Generating dynamic jumping motions on legged robots remains a challenging control problem as the full flight phase and large landing impact are expected. Compared to quadrupedal robots or other multi-legged robots, bipedal robots place higher requirements for the control strategy given a much smaller footprint. To solve this problem, a novel heuristic landing planner is proposed in this paper. With the momentum feedback during the flight phase, landing locations can be updated to minimize the influence of uncertainties from tracking errors or external disturbances when landing. To the best of our knowledge, this is the first approach to take advantage of the flight phase to reduce the impact of the jump landing which is implemented in the actual robot. By integrating it with a modified kino-dynamics motion planner with centroidal momentum and a low-level controller which explores the whole-body dynamics to hierarchically handle multiple tasks, a complete and versatile jumping control framework is designed in this paper.
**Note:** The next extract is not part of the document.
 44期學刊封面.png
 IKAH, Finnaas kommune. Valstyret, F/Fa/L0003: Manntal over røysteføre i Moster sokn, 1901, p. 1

Extensive results of simulation and hardware jumping experiments on a miniature bipedal robot with proprioceptive actuation are provided to demonstrate that the proposed framework is able to achieve human-like efficient and robust jumping tasks, including directional jump, twisting jump, step jump, and somersaults.

翻译：在足式机器人上生成动态跳跃运动仍是一项具有挑战性的控制问题，因为这涉及完整的腾空阶段和巨大的落地冲击。与四足机器人或其他多足机器人相比，双足机器人由于占地面积更小，对控制策略提出了更高要求。为解决这一问题，本文提出了一种新颖的启发式落地规划器。通过利用腾空阶段的动量反馈，可实时更新落地位置，以最小化跟踪误差或外部干扰等不确定性对落地的影响。据我们所知，这是首次在实际机器人上利用腾空阶段减少跳跃落地冲击的方法。通过将该规划器与改进的基于质心动量的运动学-动力学运动规划器以及利用全身动力学分层处理多项任务的底层控制器相结合，本文设计了一个完整且通用的跳跃控制框架。通过在具有本体感知驱动的微型双足机器人上进行的仿真和硬件跳跃实验的广泛结果，证明了该框架能够实现类人高效且鲁棒的跳跃任务，包括定向跳、扭身跳、台阶跳和空翻。